After five days at a fancy hotel where my fellow China 13s and myself received briefcase-sized medical kits and instructions to not drink the water or eat fruits/vegetables unless they’d been washed with chlorine, we departed to three different training sites to stay with host families. This meant being separated from a few other China 13 volunteers I’d really come to bond with, which was sad. It’s been overwhelming meeting so many amazing people at the same time and then suddenly losing them. I was thrilled, however, to finally get into real life in China and meet the family I'd be living with until September.


The incredibly well-stocked medical briefcase


The first night with the host family was not at all what I expected. After I’d gotten settled my host mother told me she loved dancing and I said I’d like to go with her someday. She wasted no time and took me that night. Now, when she said dancing I wasn’t quite sure what to expect. Val, Jake, Tasha and I had stumbled across a group of 50-odd middle-aged women dancing in unison outside a mall a few nights before (apparently this happens every night), so I had expected line dancing of some sort. Nope. Instead, I was ballroom dancing with some hardcore dancers. If you've ever seen me dance, you know that I dance like I have elbows for knees. They didn’t seem to notice, though, and I was passed around the room from man to man. After about an hour and a half of this I was ready to pass out and I went home to a cool shower and stiff bed. I have to say the beds are taking some getting used to. The beds I’ve slept on here so far have both been very, very hard. I had a Tempurpedic bed at home (it’s the astronaut bed!) and so I’m completely spoiled when it comes to sleep. I’m sure that eventually my body will adjust and my spine will stop harassing me.

In terms of food, things have been pretty good so far.
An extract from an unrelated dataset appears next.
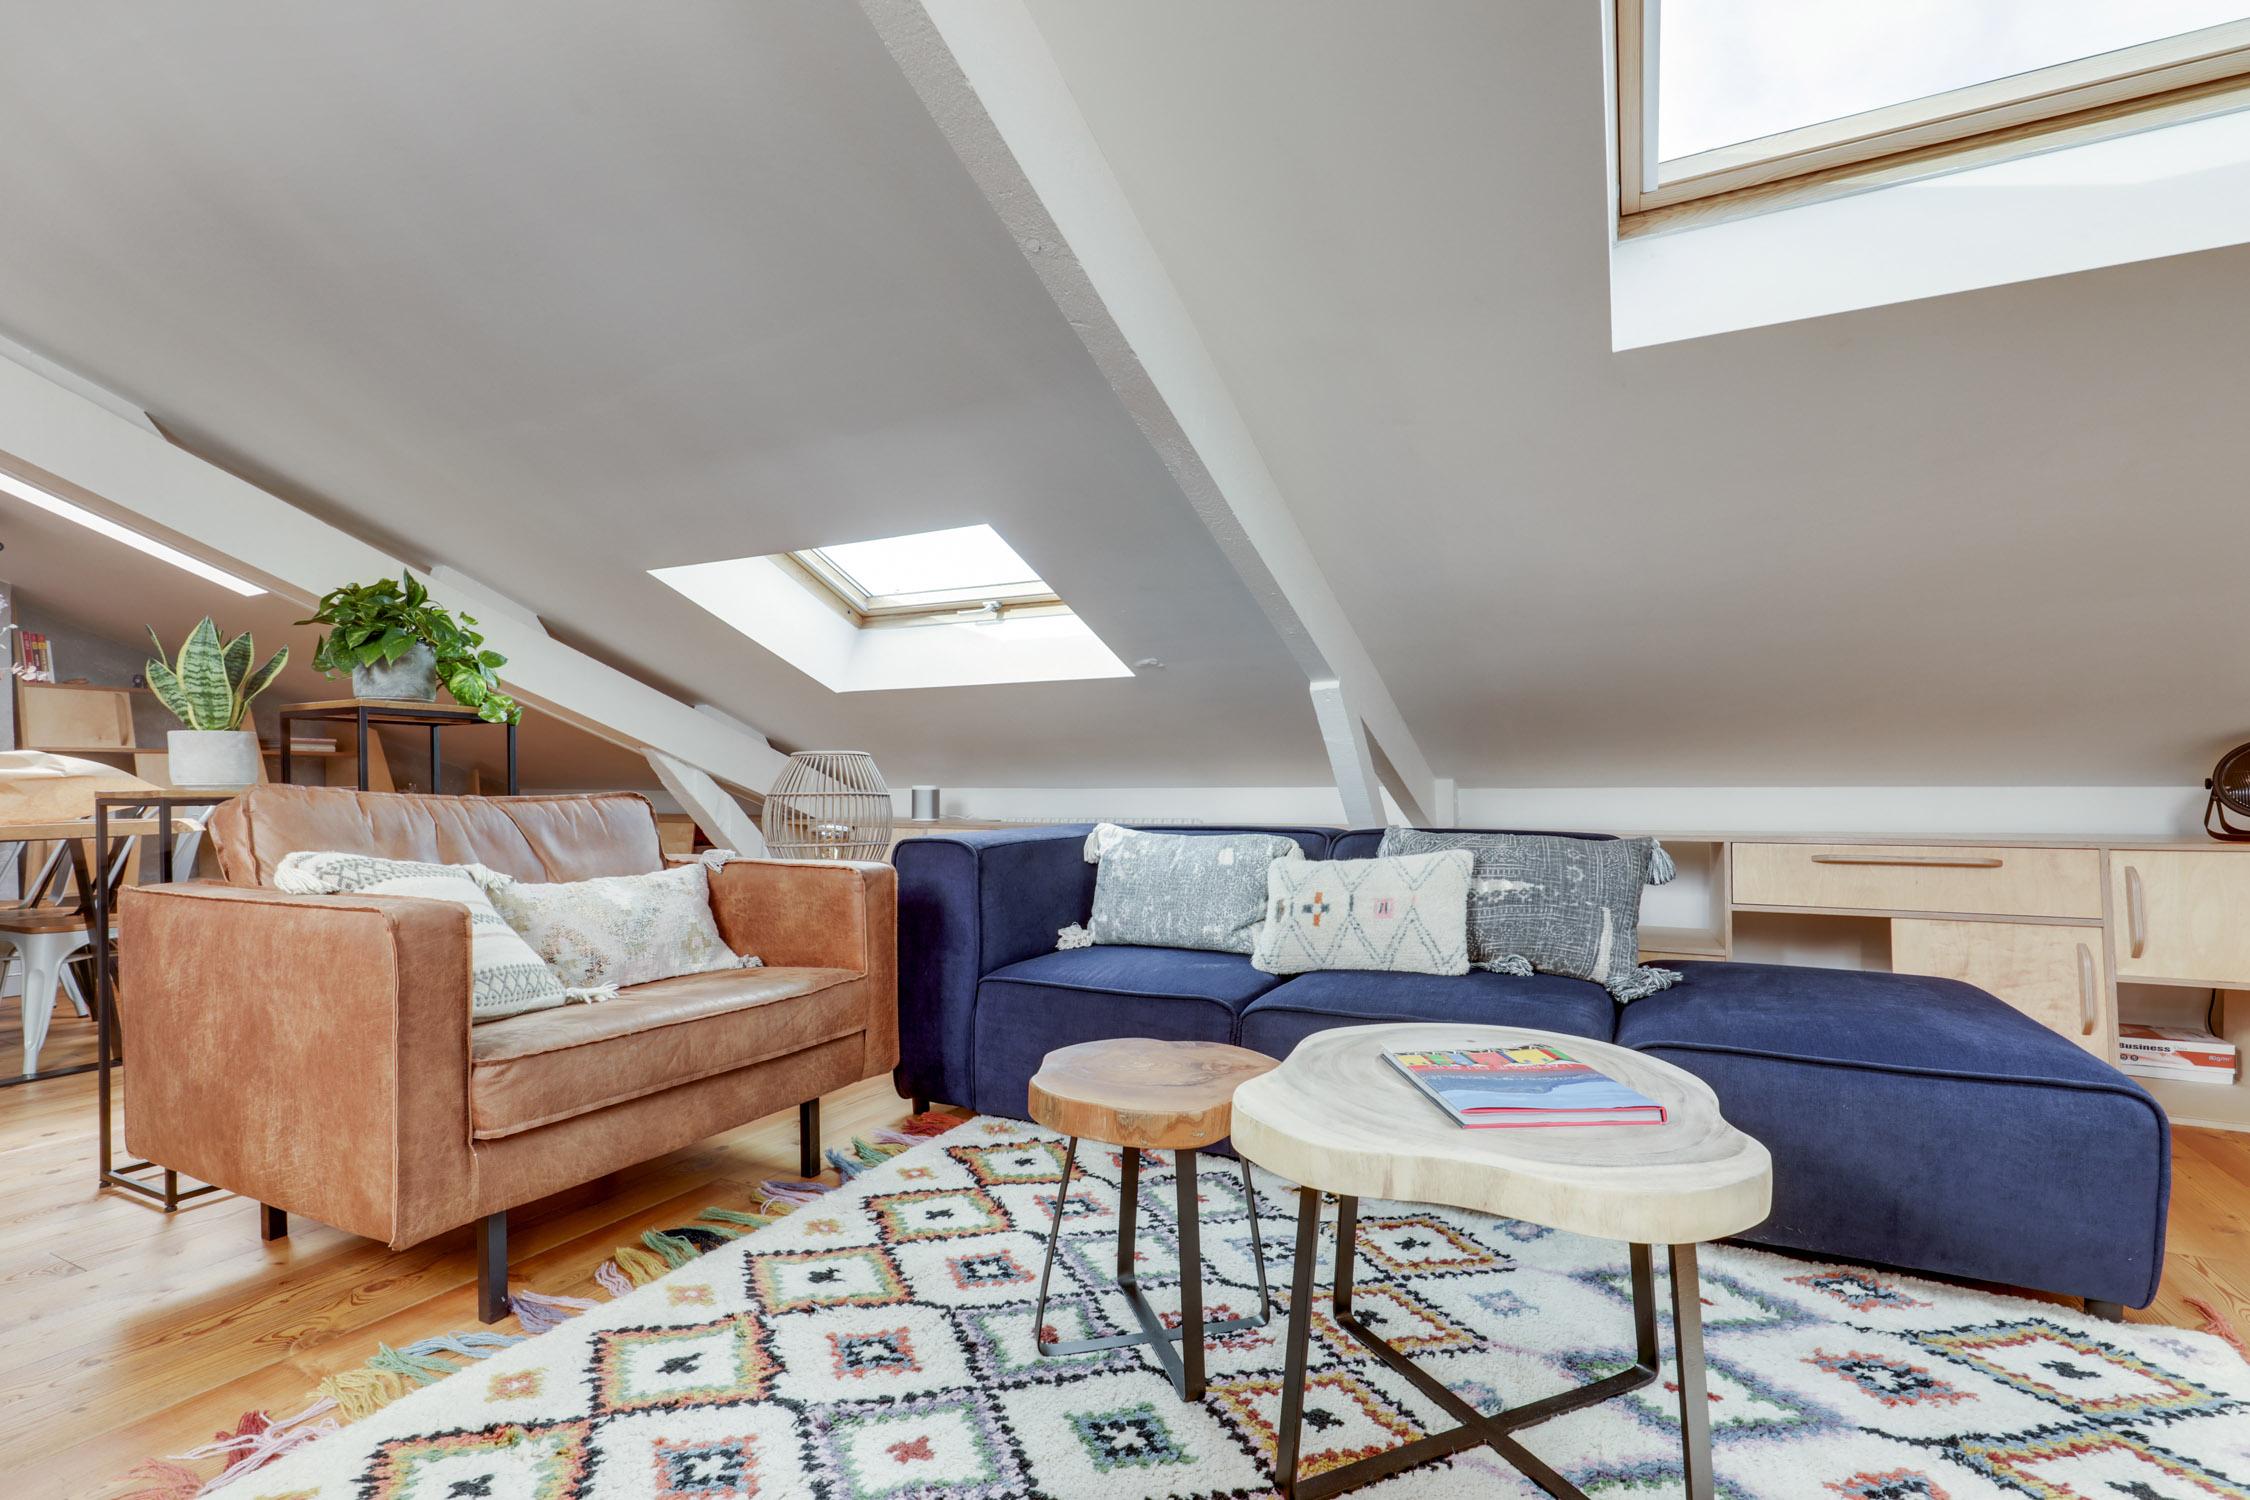 Rénovation - sous les combles - salon séjour - architecte d'intérieur - murs et merveilles

Being a vegetarian hasn’t been as much of a nightmare as I thought it would. I’ve usually been able to find something good to eat. Plus, my host family is amazing and has been willing to make me tons of delicious veggie food (and not too spicy! Woohoo!). Today I bought spinach and onion dumplings for lunch that cost 2 kuai, which equals roughly .50 cents. That’s right. Ten dumplings for half a buck. Amazing? I know! Some of my more expensive meals have rung in around $2. I have to keep in mind, though, that I’m living on $1.50 a day here right now, so those .50 cent dumplings add up. One sort of sad note concerning food (but kind of a funny story): July 4th was my five year anniversary of being a vegetarian and that day at lunch we ordered vegetable noodles. Piled on top of the noodles was a huge glob of meat, much of which had mixed in with the noodles, thus my anniversary was marked with the forgotten taste of meat. (Don’t worry. It didn’t make me want to convert back to the wicked ways of my past.) Hopefully I’ll soon be able to speak well enough in Mandarin to avoid this type of situation.

Learning Mandarin is quite a challenge, but for only having been in country a week, the other trainees and I have learned an astonishing amount of information. I now actually know what the letter “X” sounds like in Chinese! The language teachers are great and the language program is so well designed. Four hours of language each day followed by more Mandarin at home may be exhausting, but I know it’s working and one of these days my brain will catch up with everything that’s going on around it.